UNITED STATES DISTRICT COURT FOR THE DISTRICT OF COLORADO
Dec 12, 2020
Civil Action No. 20-cv-02354-PAB-KMT (D. Colo. Dec. 12, 2020)

Summary

holding that there is no evidence that the plaintiff would be prejudiced by the stay, but the defendant could be prejudiced by engaging in discovery at this time, and judicial economy will be enhanced by granting the stay because the Supreme Court's decision is likely to simplify critical legal issues at the heart of the case

Summary of this case from Barry v. Ally Fin., Inc.

Opinion

Civil Action No. 20-cv-02354-PAB-KMT

12-12-2020

DAVID ULERY, Plaintiff, v. AT&T MOBILITY SERVICES, LLC, Defendant.


ORDER

Before the court is "Defendant's Unopposed Motion to Stay Pending the Supreme Court's Decision in Facebook v. Duguid." (["Motion"], Doc. No. 29.) In the Motion, Defendant asks that discovery in this matter be stayed, pending the United States Supreme Court's forthcoming decision in Facebook, Inc. v. Duguid, No. 19-511 (U.S. July 9, 2020). (Id. at 1.) No response has been filed to the Motion. For the following reasons, the Motion is GRANTED.

Defendant advises that Plaintiff "does not oppose this relief in lieu of AT&T's filing of a Rule 12(b)(6) motion at this time." (Mot. 1.)

STATEMENT OF THE CASE

On August 7, 2020, Plaintiff David Ulery ["Ulery"] filed this class action lawsuit, asserting violations of the Telephone Consumer Protection Act ["TCPA"], 47 U.S.C. § 227(b), by Defendant AT&T Mobility Services, LLC ["AT&T"]. (Doc. No. 1.) Ulery alleges, specifically, that AT&T used an automatic telephone dialing system ["ATDS"] to send unsolicited text messages and robocalls "to Plaintiff and other consumers without their prior consent." (Id. at 8-10 ¶¶ 38, 49-50.) As relief, Plaintiff requests class certification; a declaration that Defendant's practices violate the TCPA; statutory damages of $500.00 for each call in violation of the TCPA; treble damages of $1,500.00 for each call in "willful" violation of the TCPA; and injunctive relief prohibiting such TCPA violations by Defendant in the future. (Id. at 16-17.)

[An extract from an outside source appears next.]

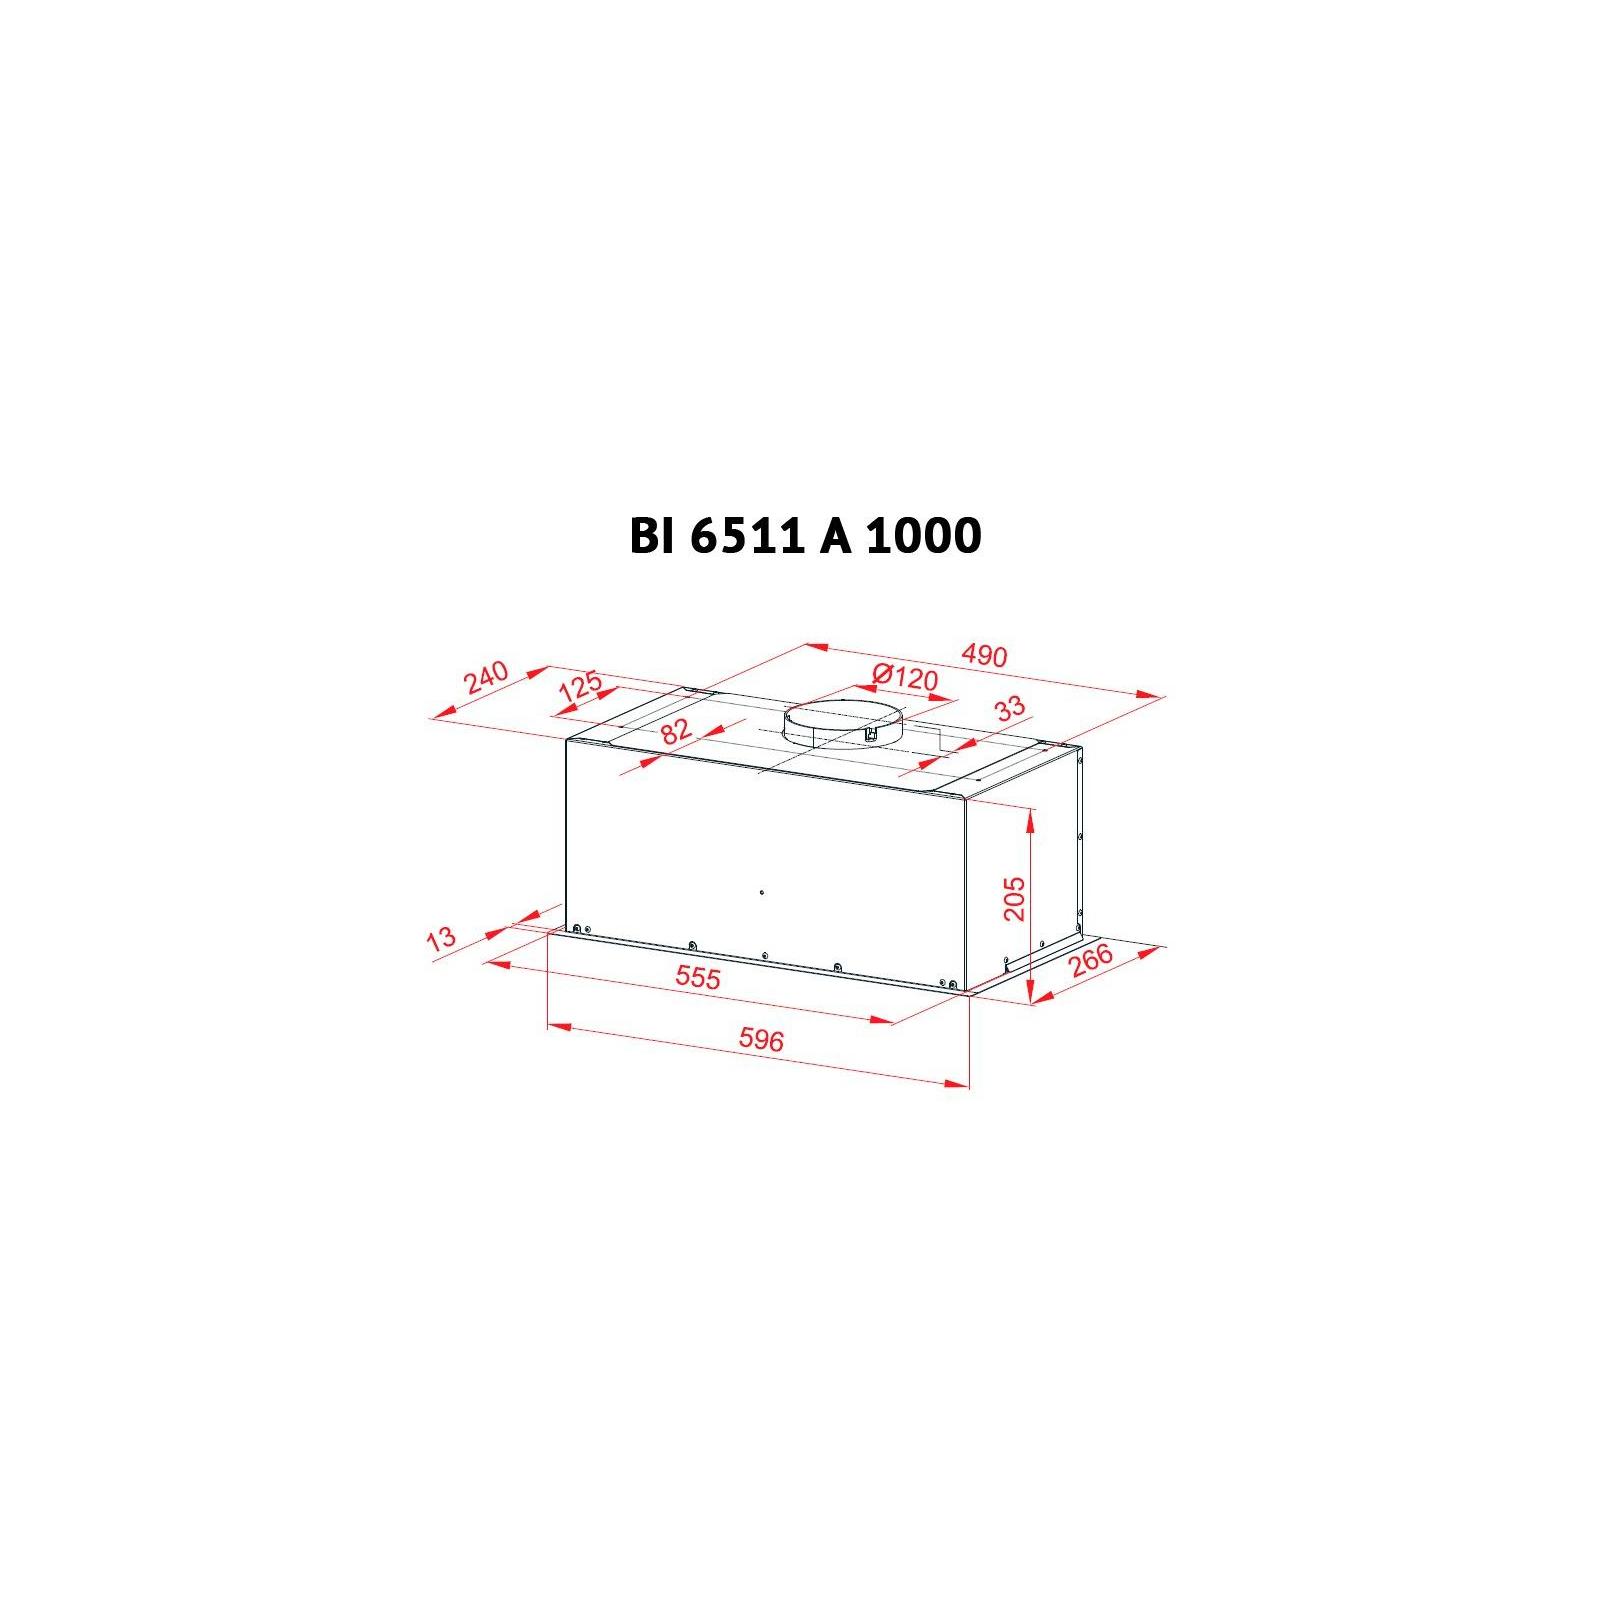 Вытяжка кухонная PERFELLI BI 6511 A 1000 I изображение 7

On November 5, 2020, Defendant responded to Plaintiff's allegations by filing a motion to dismiss, pursuant to Federal Rule of Civil Procedure 12(b)(6), for failure to state a claim. (Doc. No. 25.) In the motion to dismiss, AT&T argues that Ulery has failed to plausibly allege the use of an ATDS device, as is required to bring a claim under the TCPA. (Id. at 12-13.) In making that argument, Defendant construes the TCPA's definition of the term "ATDS" to encompass only those systems that "have the capacity to either (i) produce telephone numbers randomly or sequentially on [their] own, and then dial them; or (ii) store telephone numbers that have been generated randomly or sequentially and then dial them later." (Id. at 8.) In the motion to dismiss, Defendant correctly points out that the Tenth Circuit has yet to address "whether equipment that dials only from a preexisting list of numbers (such as a list of AT&T's retail employees) can constitute an ATDS," and it notes that other circuits "have split on the question." (Id. at 5.)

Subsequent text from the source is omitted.